§ **Exercise details**: In the entries below, repeat only the lines between those holding "株式会社日本歯科商社 様 歯科医療用薬品・歯科材料・機器具の卸販売 | 日本歯科商社" and "88c12e18ddbb Armband Gold", inclusive. Leave pictures out.

BEGIN Data for analysis

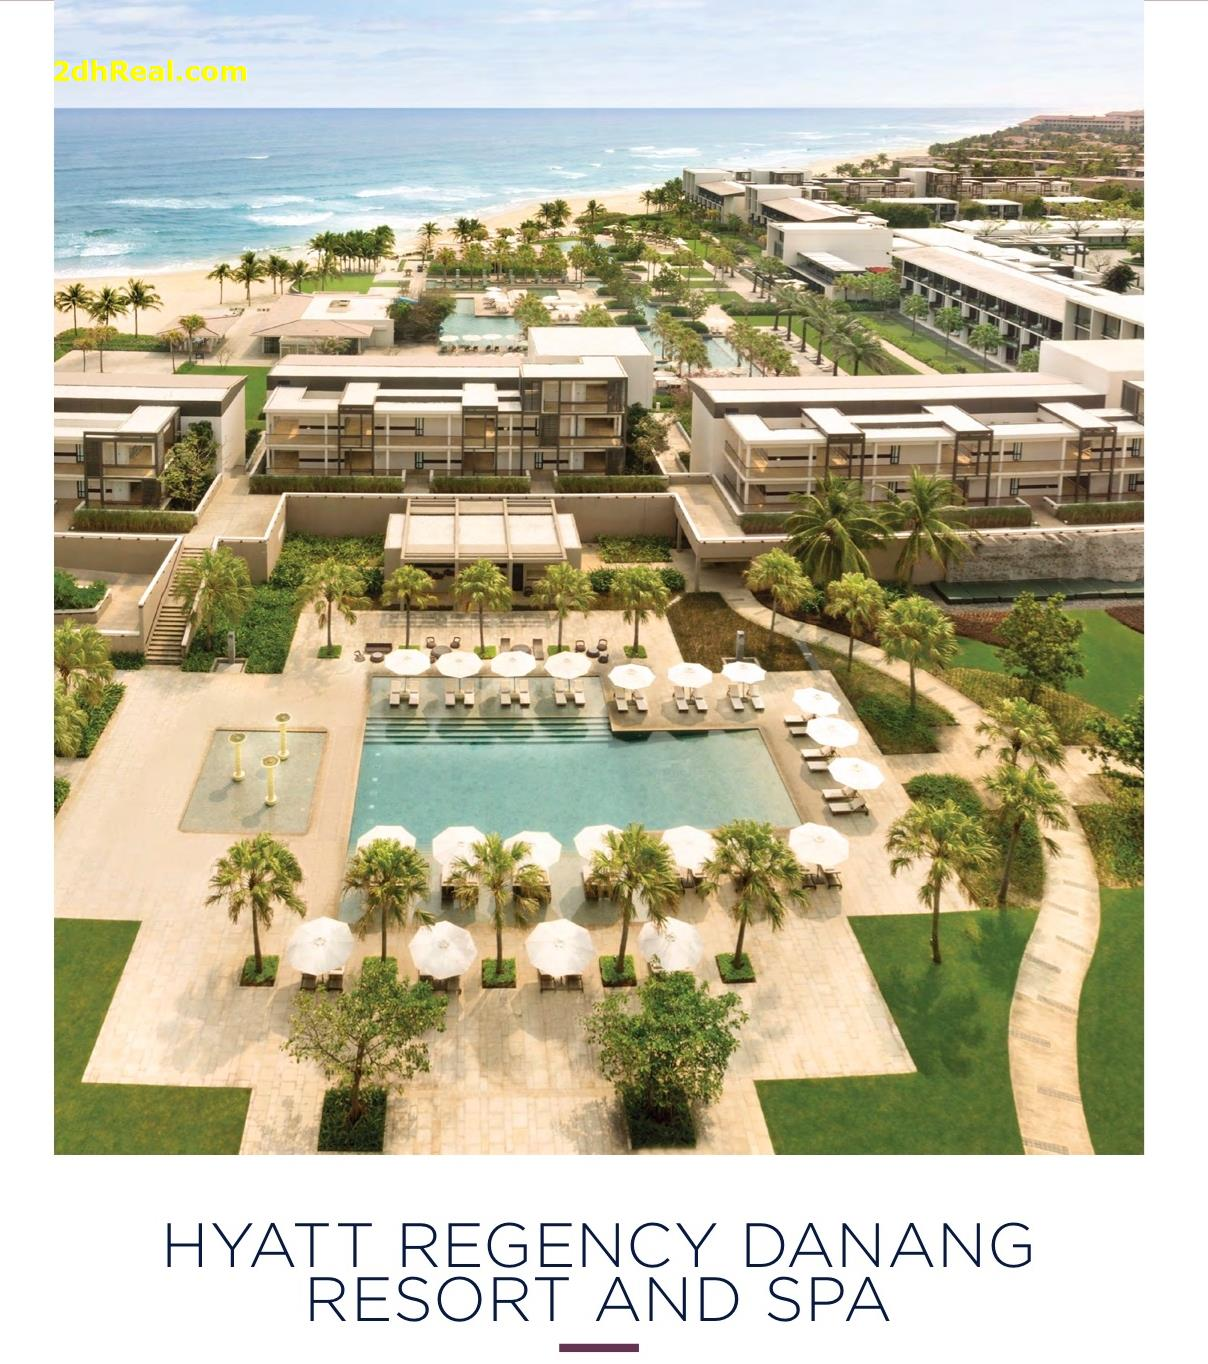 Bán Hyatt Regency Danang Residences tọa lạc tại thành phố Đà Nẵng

END Data for analysis
BEGIN Data for analysis

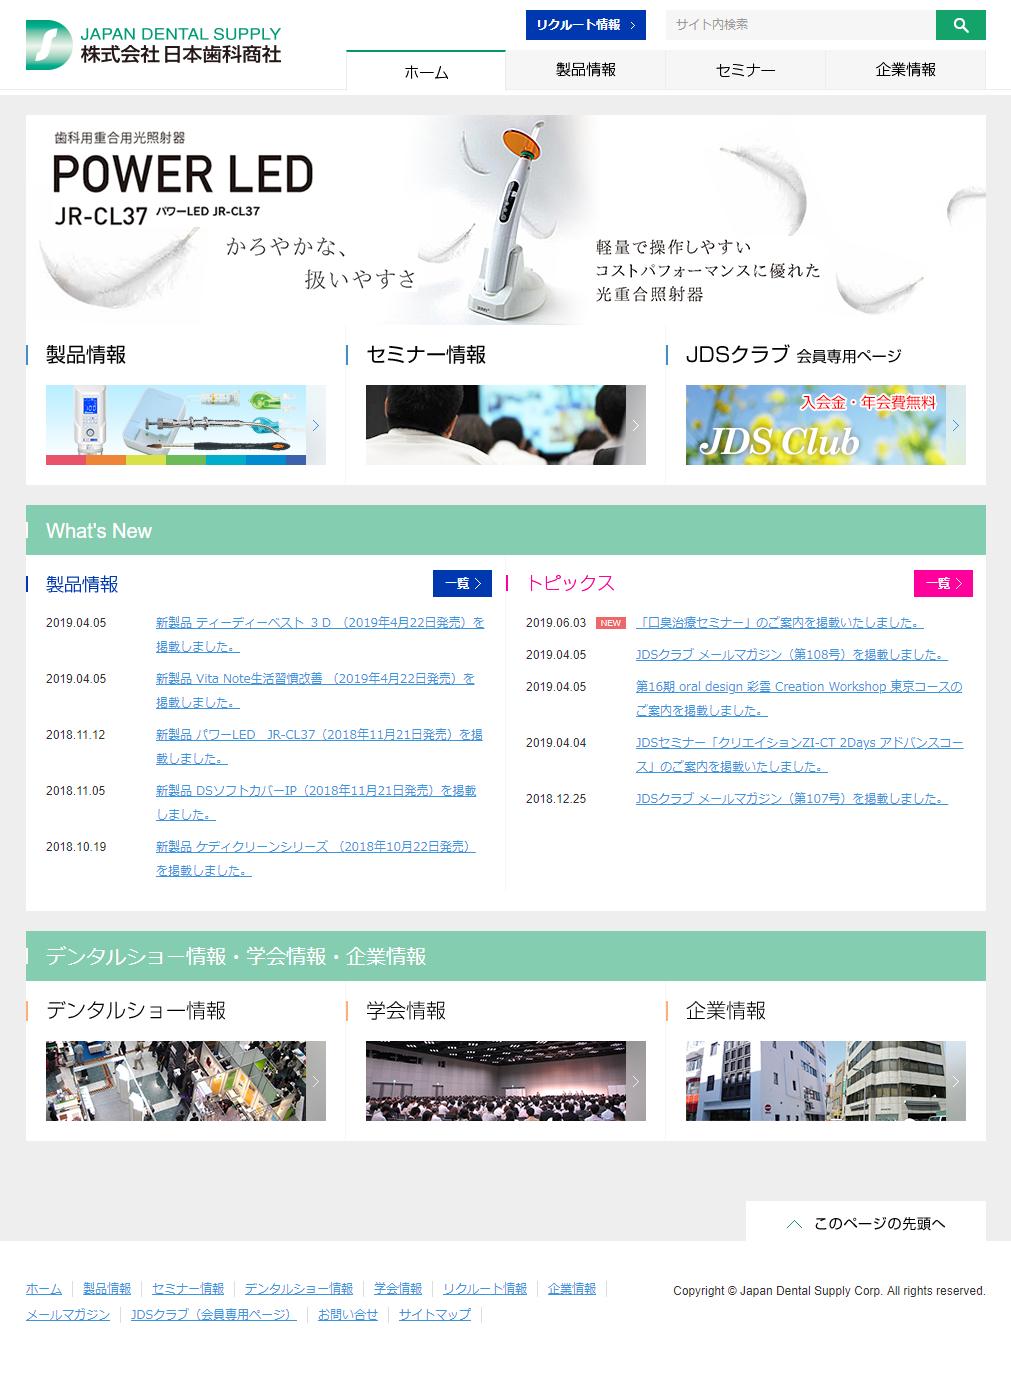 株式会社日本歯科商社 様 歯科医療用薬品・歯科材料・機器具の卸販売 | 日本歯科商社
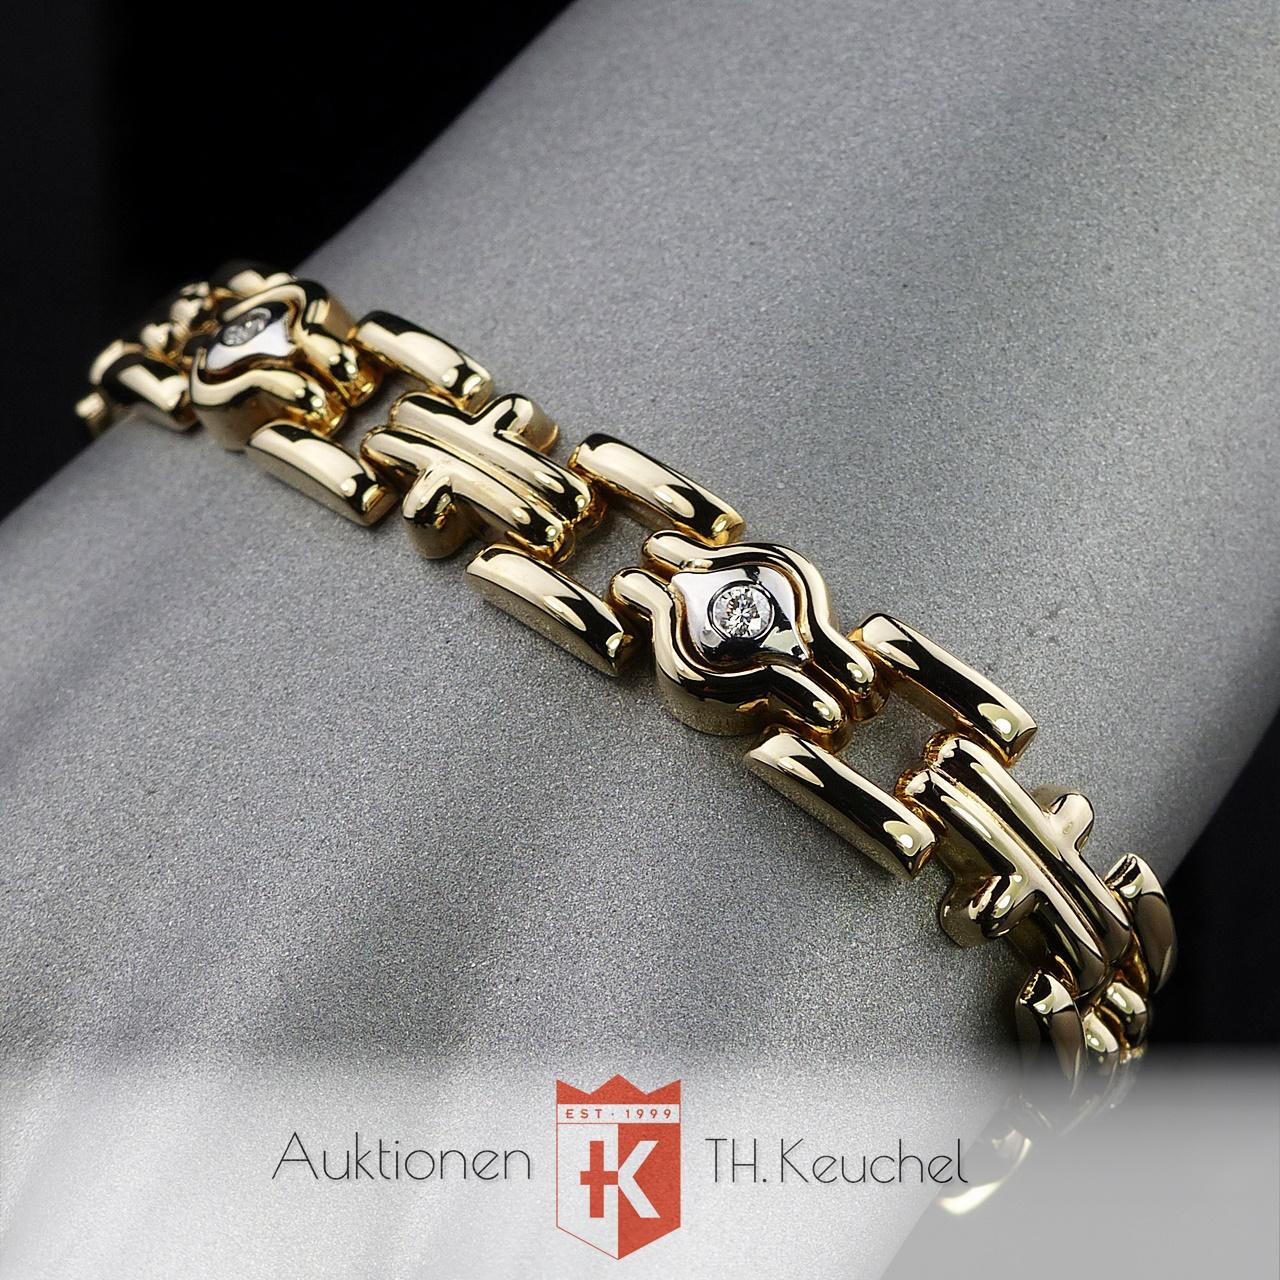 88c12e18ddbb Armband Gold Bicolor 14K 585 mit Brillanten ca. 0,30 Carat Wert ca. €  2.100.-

END Data for analysis

§ **Your response**:
 株式会社日本歯科商社 様 歯科医療用薬品・歯科材料・機器具の卸販売 | 日本歯科商社
 88c12e18ddbb Armband Gold Bicolor 14K 585 mit Brillanten ca. 0,30 Carat Wert ca. €  2.100.-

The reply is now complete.